Does anyone have just a Odin for the Fp5 modem?
Thanks in advance.

Sent from my SCH-I535 using RootzWiki


----------



## JihadSquad (Nov 2, 2011)

We would need the full fp5 Odin first so no...

Sent from my SCH-I510 using Tapatalk 2


----------



## babyjake (Sep 10, 2011)

I personally think that there is a problem with them techinically as the fluctuation of signal strength is exteremly unstable and constantly dips and spikes. I notice this ever since FP5 was released. I generally would be able to send text messages without hicups from my job location and now I constantly need to resend them. I reported the problem to verizon and they open a ticket to investigate. When I was on FP1 didnt have an issue. Now Note: My wife , Mother-In-Law, Co-Worker all have the same phone and notice the issue as well since I mentioned it.


----------



## ijustdontcare (Aug 16, 2011)

My 4G lte has been solid, maybe better, since fp5... sorry ya got some problems should ask VZW if new towers are being added to your area.

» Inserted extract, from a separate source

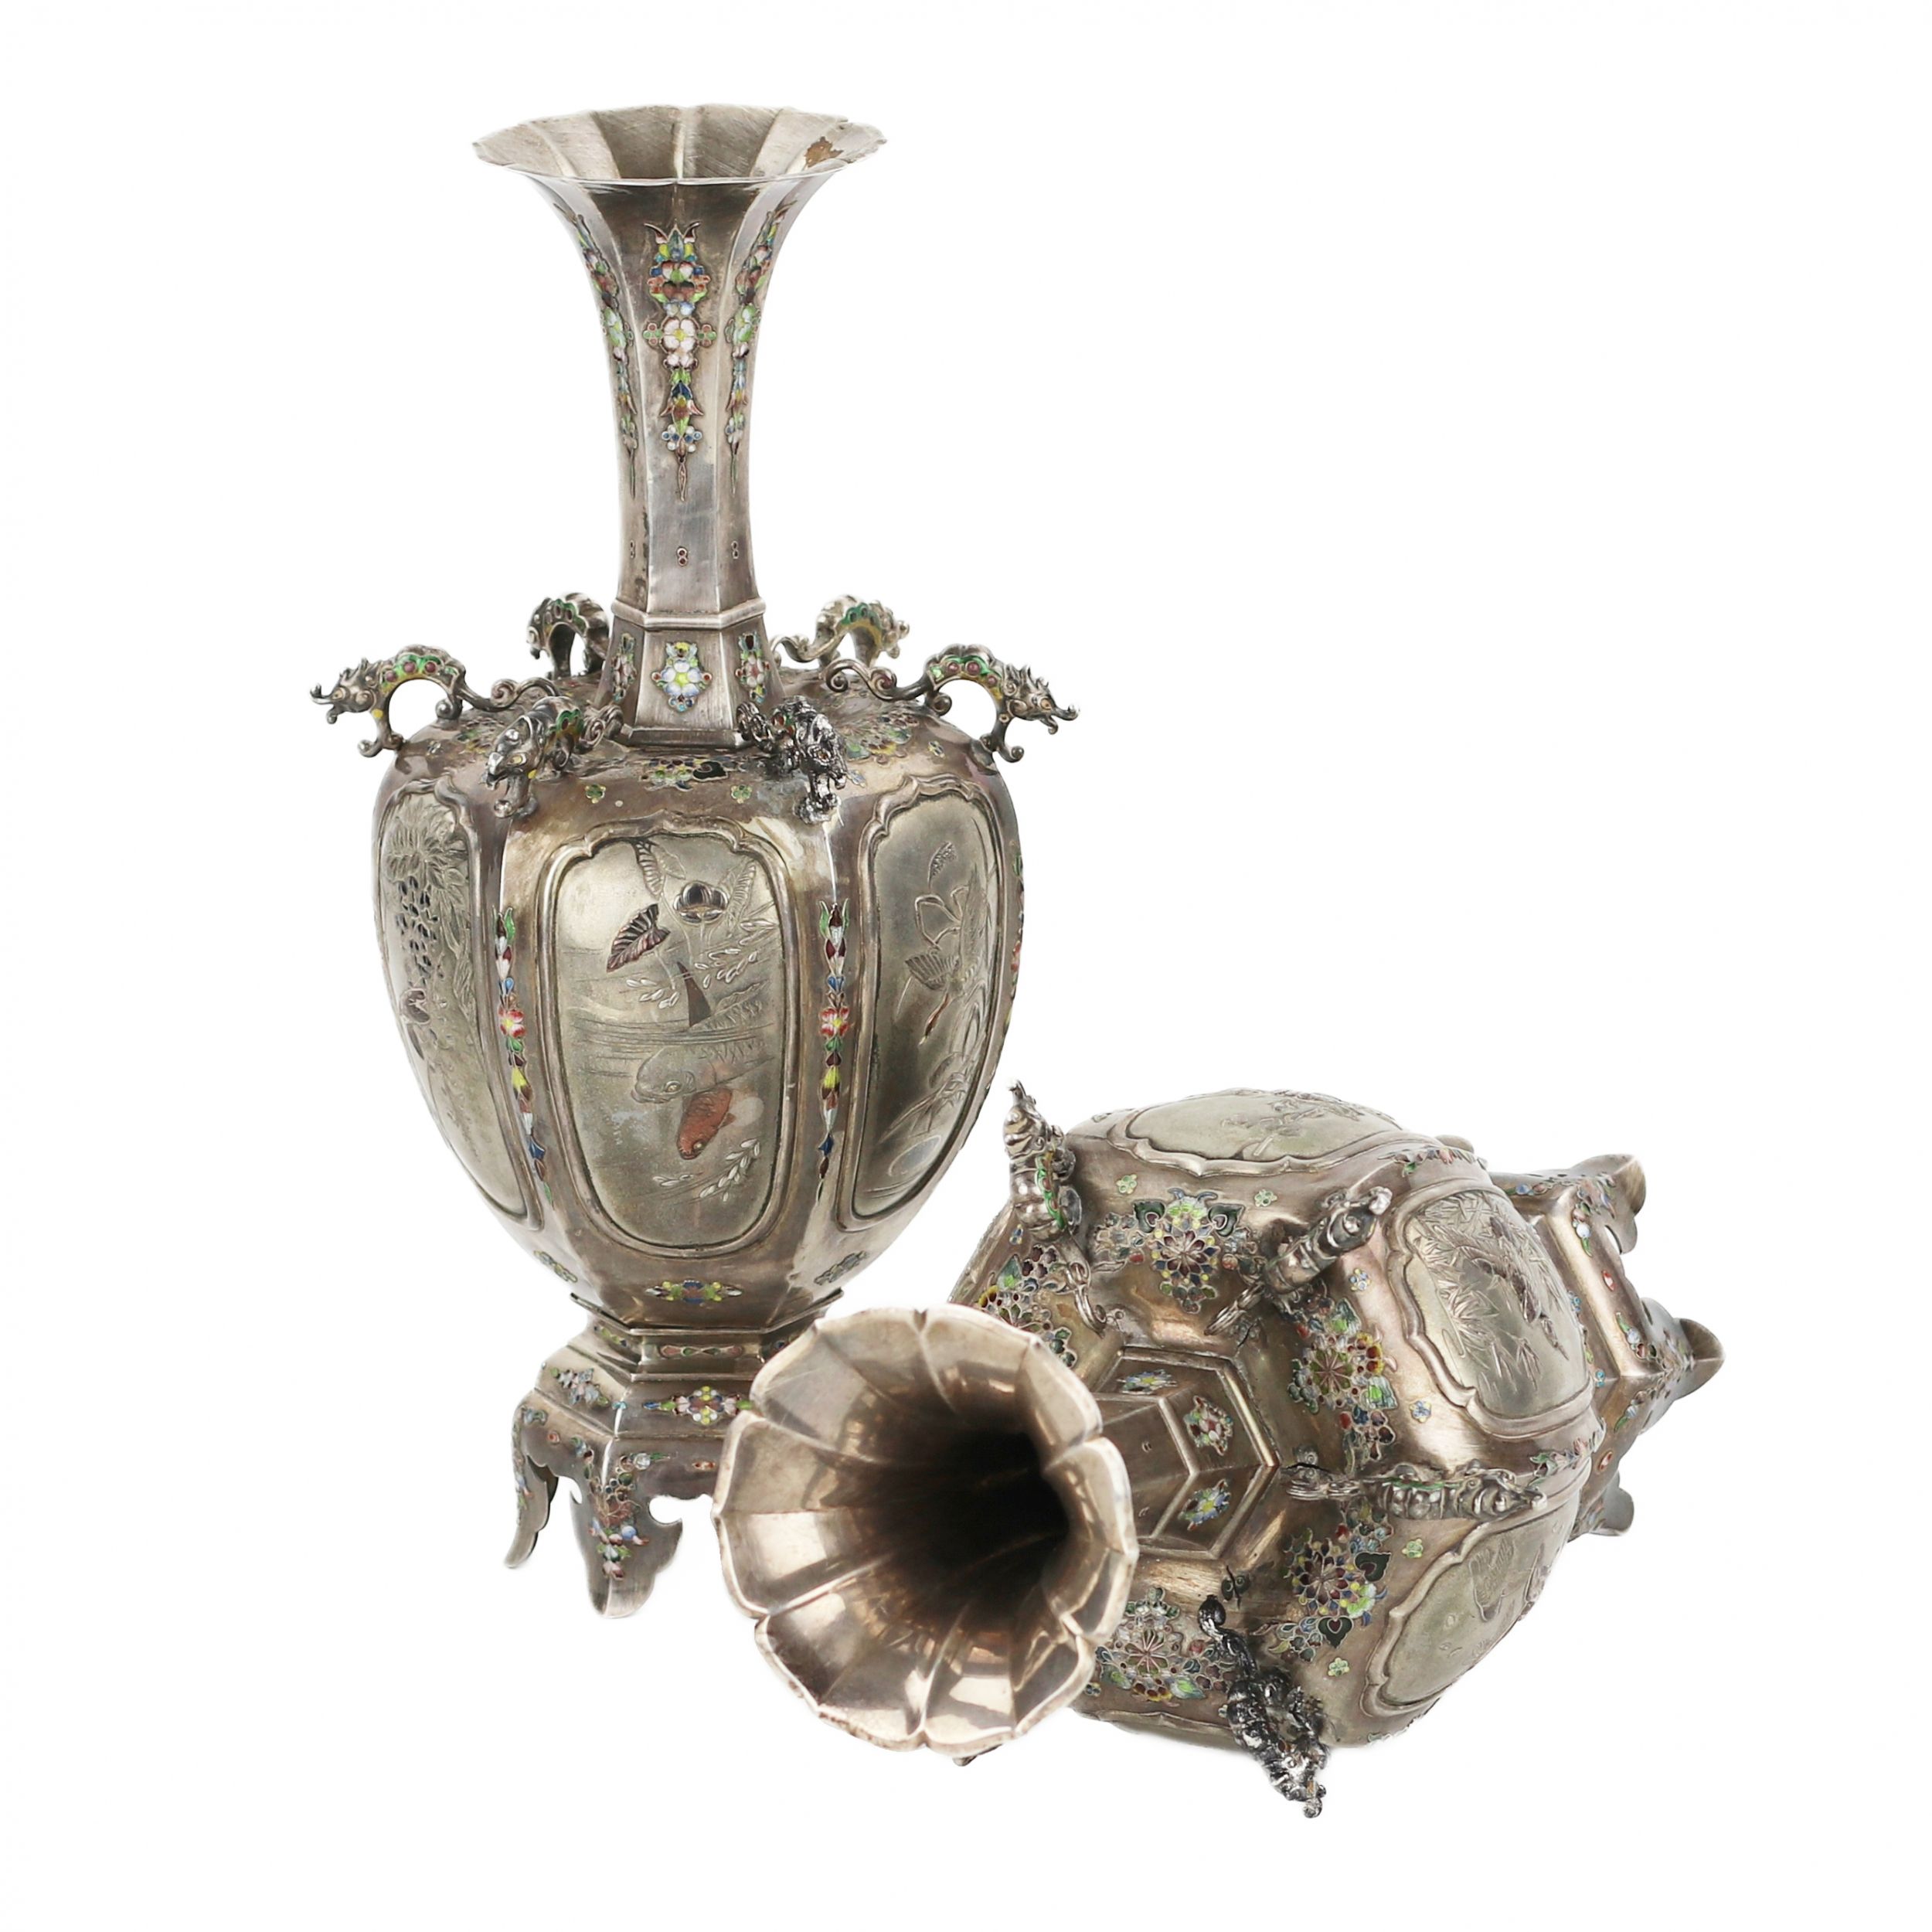 A pair of elegant Japanese vases made of silver and enamel. The turn of the 19th-20th centuries. - Bild 4 aus 6

When Denver got coverage upgraded, the network was allover the place.

Sent from my SCH-I510 using RootzWiki


----------



## Andy32790 (Aug 13, 2012)

babyjake said:


> I personally think that there is a problem with them techinically as the fluctuation of signal strength is exteremly unstable and constantly dips and spikes. I notice this ever since FP5 was released. I generally would be able to send text messages without hicups from my job location and now I constantly need to resend them. I reported the problem to verizon and they open a ticket to investigate. When I was on FP1 didnt have an issue. Now Note: My wife , Mother-In-Law, Co-Worker all have the same phone and notice the issue as well since I mentioned it.


Same here maybe it is just certain areas of coverage?

Sent from my SCH-I510 using RootzWiki


----------



## xprog (Nov 16, 2011)

Been the opposite for me, texting is much better on fp5. I haven't had to resend a text yet.

Sent from my SCH-I510 using Tapatalk 2


----------



## babyjake (Sep 10, 2011)

Its very possiable that the coverage area is bad I reported it regardless worst case or best case is they give me a new phone. We need an ICS update minium


----------



## kynalvarus (Oct 26, 2011)

babyjake said:


> Its very possiable that the coverage area is bad I reported it regardless worst case or best case is they give me a new phone. We need an ICS update minium


We'd love an ICS or JB update, but unless/until someone either reverse-engineers the RIL driver or Samsung releases the source for it, we're hosed. My VZW contract is up in March 2013 and I'm not holding my breath that we'll get ICS or JB by then, or ever.


----------